Provision of funding for the start-up of multiple projects and the use of Internet and digital communication makes it possible to facilitate the research of telemonitoring in heart failure. To execute the projects, funding was provided by the province (A), National Institute for Health and Disability Insurance (Social Security; B, D, E and F), industrial partners (C) and public funding (C and G). Project A also used its own resources for the development of the pilot project. Two projects were entirely embedded in primary care (A and B). Patients in the pilot phase were sensitised and informed about the possibilities of telemonitoring for the monitoring of their chronic disease.
Projects A and B focused on self-management. However, in practice, it was difficult to implement this in routine care. A short project time made it also difficult to measure the increase in the patient's understanding of his/her disease and the presence of increased self-management.
The focus in the projects was primarily on monitoring and recording parameters. Telephone support and the ability to contact a monitored chronic heart failure patient were used to support self-management directly or indirectly.
Project A visualised self-management by use of questionnaires. This approach was used to find out how the self-understanding had changed in patients through regular confrontation with the measured values. Project B focused on patient satisfaction. Projects from the second line (C, E and F) made a standard protocol available for the patient.
By starting up telemonitoring projects, organisations show a willingness to deal with the care for the chronic patient. Unfortunately, transmural care was not fully optimised. The contacts with the managers revealed that coordination primarily took place within the responsible institution. The cooperation between the different lines of care was complex. The involvement of the General Practitioners in these projects remained low. Bottlenecks with respect to digital communication, cooperation and coordination were found. The follow-up of patients occurred within the own institution. Transmural data sharing was difficult and did not happen between the care boundaries.
At the start-up of the projects, goals per project were determined by defining patient inclusion criteria. A precise medical screening of the target population was performed in each of the projects.
Coordination of projects A and B took place in primary care. The coordination and responsibility of these projects occurred by primary care organisations. The objective to be achieved was not only a clinical outcome but the optimisation of transmural communication between health-care professionals. Project B emphasised the follow-up of chronic monitoring rather than acute monitoring.
In Projects C, E and F, coordinated in secondary health care, a clinical outcome was set out as a target. Project C tried to generate an algorithm for the follow-up of alarm parameters.
Coordination in Projects E and F took place in the first as well in the second line. The focus was solely on the follow-up of alarm parameters.
Follow-up of the monitoring was done by a standard procedure for every pilot project. This standard procedure described the project content and project progress. The standard procedures, along with the accessibility of health-care professionals, made it possible to deliver efficient and effective care in a proactive manner. Care professionals involved in all projects were trained in the use of monitoring. In none of the projects, new job or task content of nursing was created for the development of the project. In both the projects from primary care (A and B) and in the projects from secondary health care (C, E and F), the new care was added as a supplement to routine care.
Project A selected home-care nurses for the follow-up of telemonitoring. Project B recruited reference nurses in geriatrics. In both projects, the nurse was the central contact person for the patient. The nurse was responsible for the installation of the equipment, the monitoring of parameters and the contacts with the head of the institution and the General Practitioners.
The General Practitioner was involved in these projects in order to select patients and to titrate medication.
In Projects E and F, the heart failure nurse was the central contact person for the patient. This nurse was always available for formal and informal information provision related to illness, telemonitoring and follow-up of the clinical status of the patient. This nurse cooperated with the cardiologist. Project C collaborated with an external firm for the technical support of the equipment at home. The nurse in this project recorded only the generated alarms. In the projects from secondary health care, no additional support at home was given. The General Practitioner was minimally involved in these projects.

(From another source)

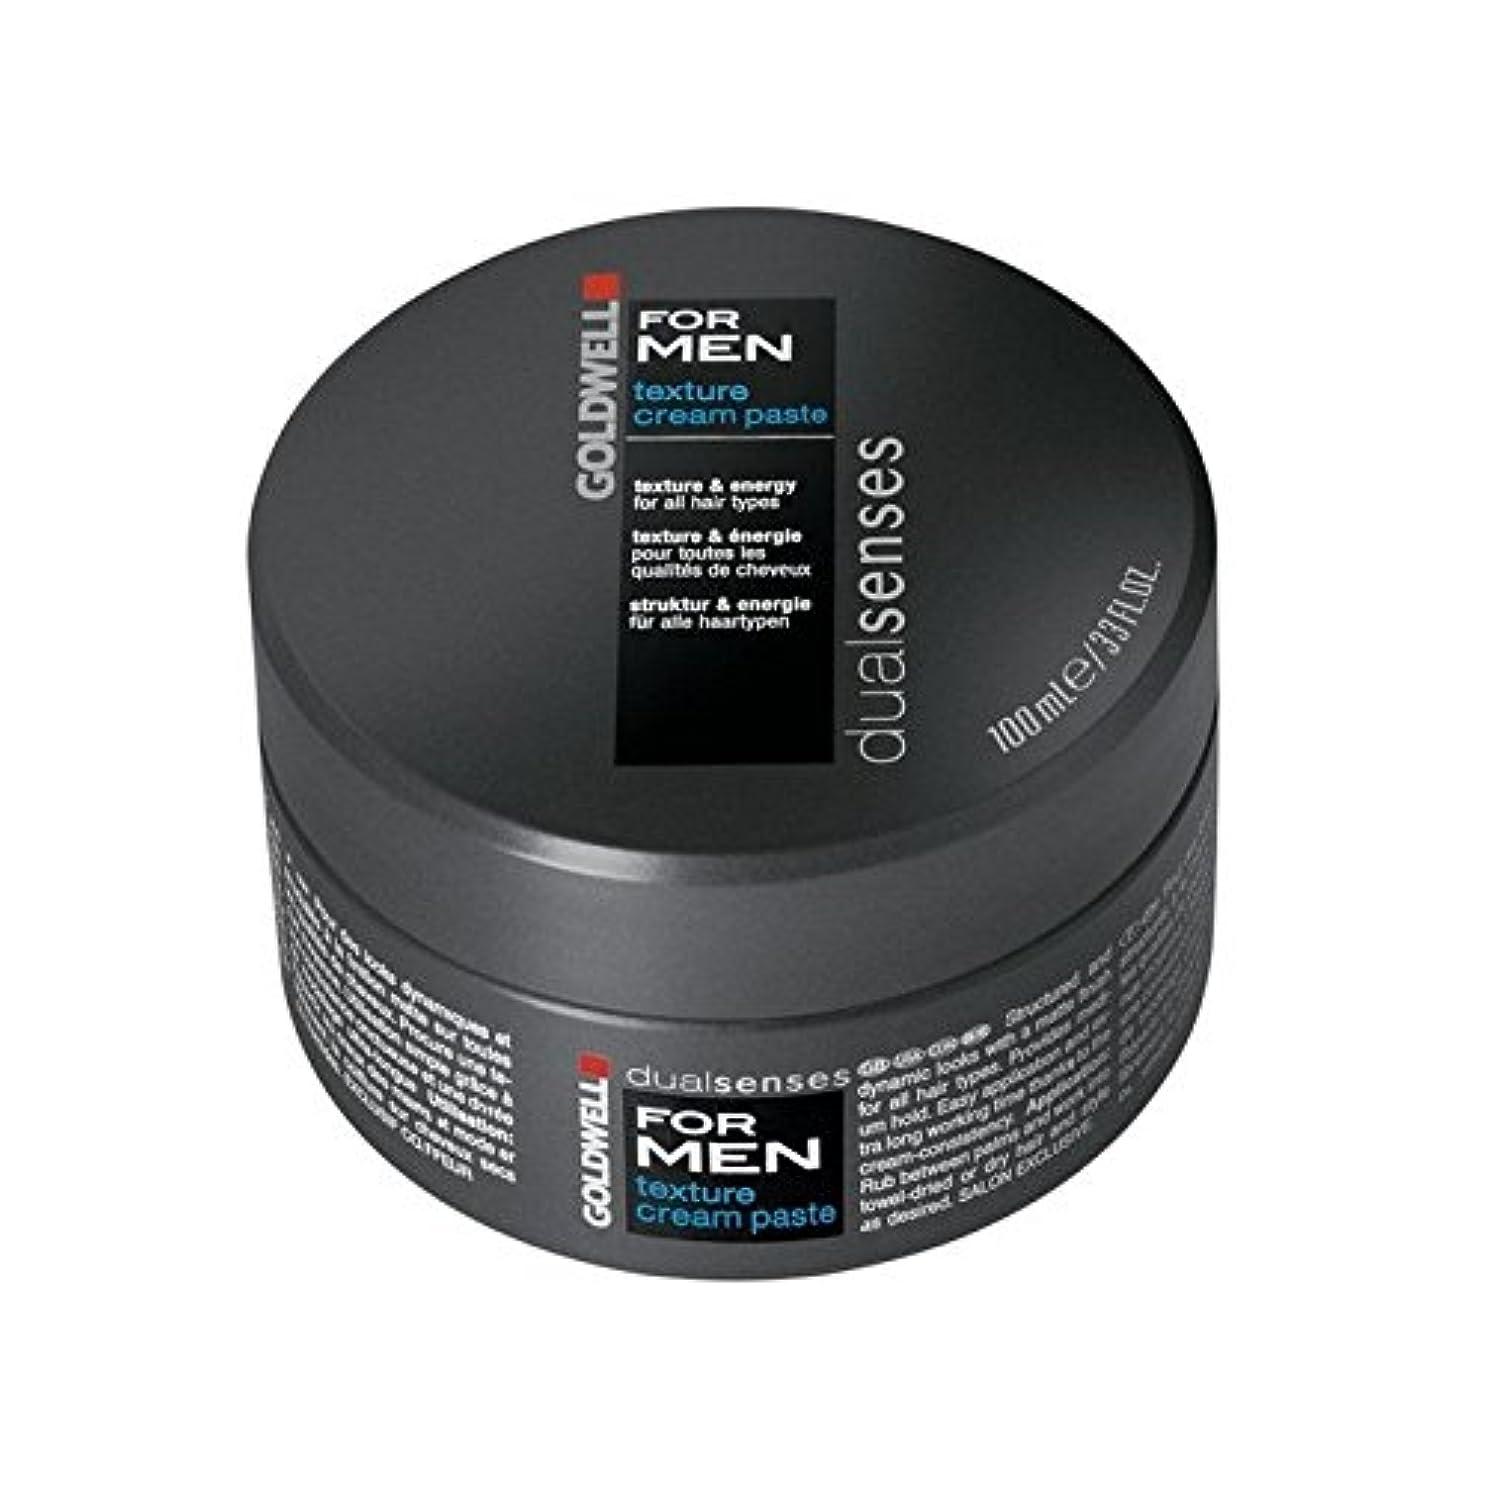 熟達した雇うビタミン男性のテクスチャーのクリームペースト(100ミリリットル)のためのの x4 - Goldwell Dualsenses For Men Texture Cream Paste (100ml) (Pack of 4) [並行輸入品]

The majority of projects were based on the existing guidelines on the treatment and follow-up of patients with heart failure and / or hypertension . A link to evidence-based practice would be a major advantage but was not provided in all projects. Only in two projects (A and B), a flow chart was developed for the follow-up of parameters and generated alarms. One project had the aim to develop an algorithm (C).

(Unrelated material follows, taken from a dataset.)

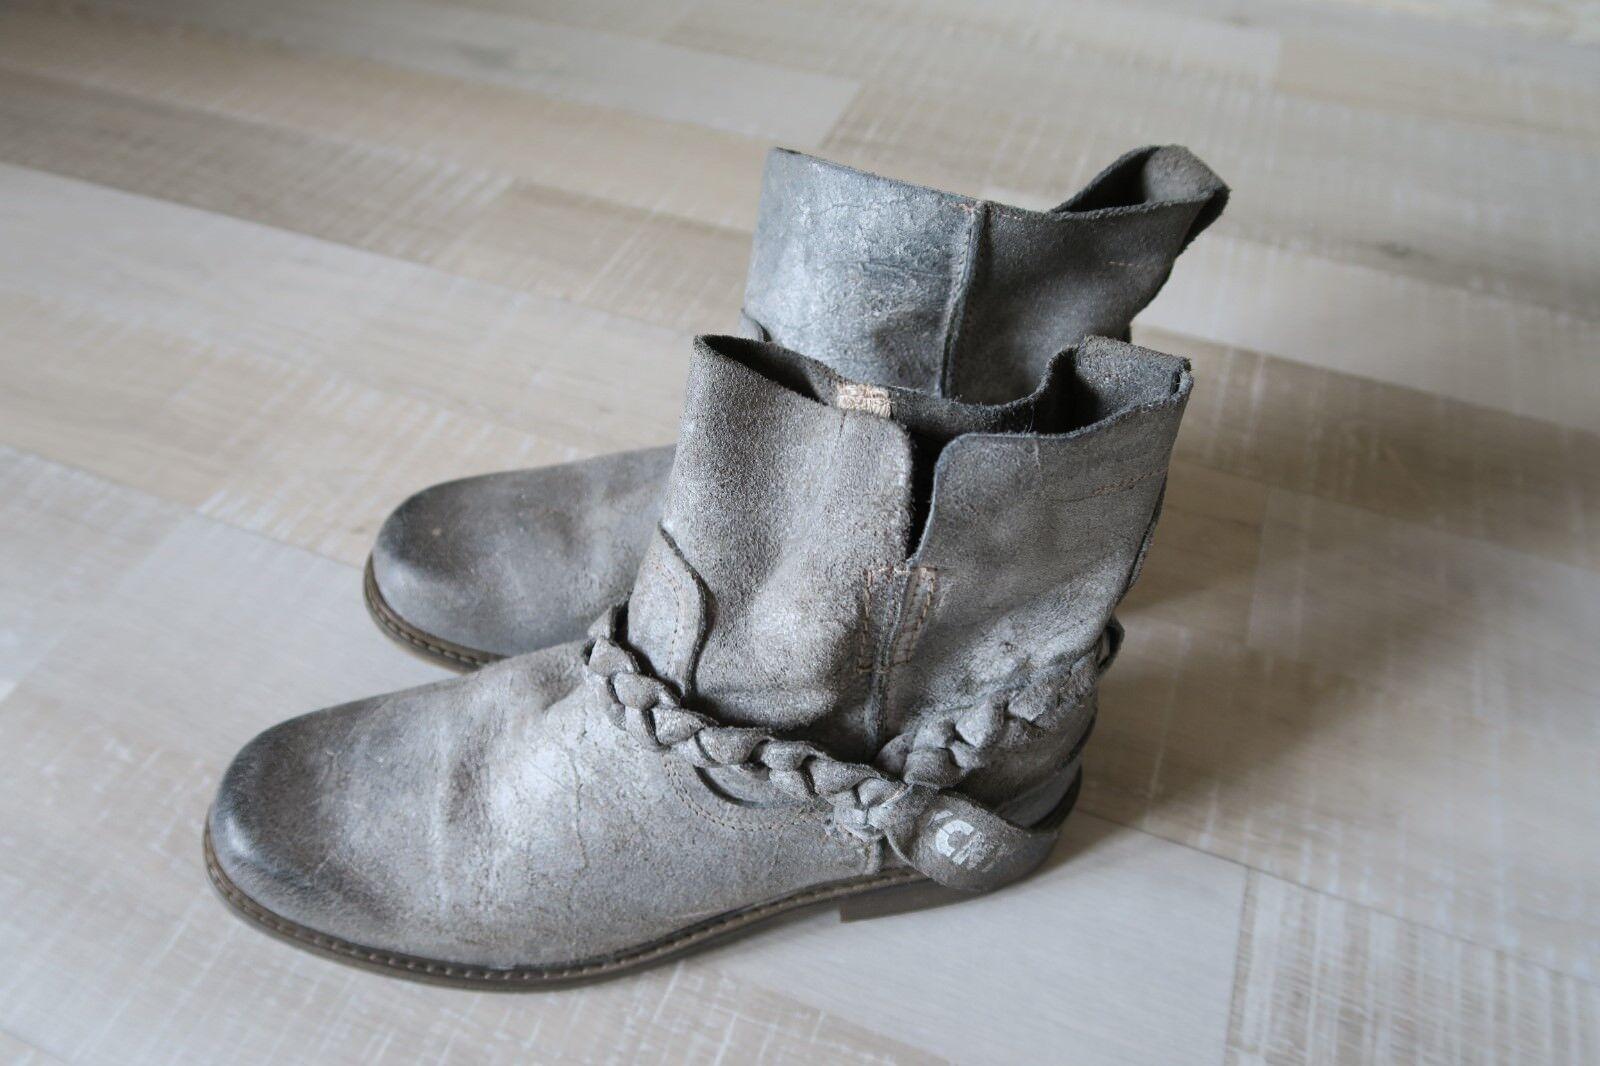 Stiefel, Stiefeletten von Gelb Cab, Gr. 41, Leder, Grau Used

No mandatory therapy protocol was outlined from the studies that were coordinated from primary care (A and B). An individualised care plan was developed, based on the specific objectives that the chronically ill patient wanted to achieve by means of a conversation with the General Practitioner and the home nurse. The informal caregivers were also involved if possible, for example, in determining the general condition of the patient and his habits.
In the projects from the second line (C, E and F), the patient had the possibility to contact the doctor and/or heart failure nurse in the hospital ward. Information on the use of the equipment and guidelines for the monitoring of the parameters was given at discharge from the hospital.
Bottlenecks related to digital communication caused difficulties in both intra-and extramurally cooperation. Data storage occurred, for the devices from different industrial partners, on a separate platform. For these different industrial partners, the health-care professional needed to login with a different account. The use of technology that allows recording and sending patient data also included the safe storage of these individual patient data. Also, registered data could not be integrated in the patient record or the medical file.
In all projects, support was offered by companies specialised in telemonitoring technology. In five of these started projects, the equipment was provided for free during the project (A, C, E and F). In Project B, equipment was purchased for the project. These devices were given to the General Practitioners for further use after completion of the project. The projects from secondary health care also used other equipment for the follow-up of invasive telemonitoring. Nevertheless, none of the projects managed to integrate the recorded parameters in the electronic patient record. Each company offered its own platform to distribute the generated data. Yet, Projects A and B tried to share information between the care boundaries. Communication from home-care organisations and General Practitioners to the hospital was present.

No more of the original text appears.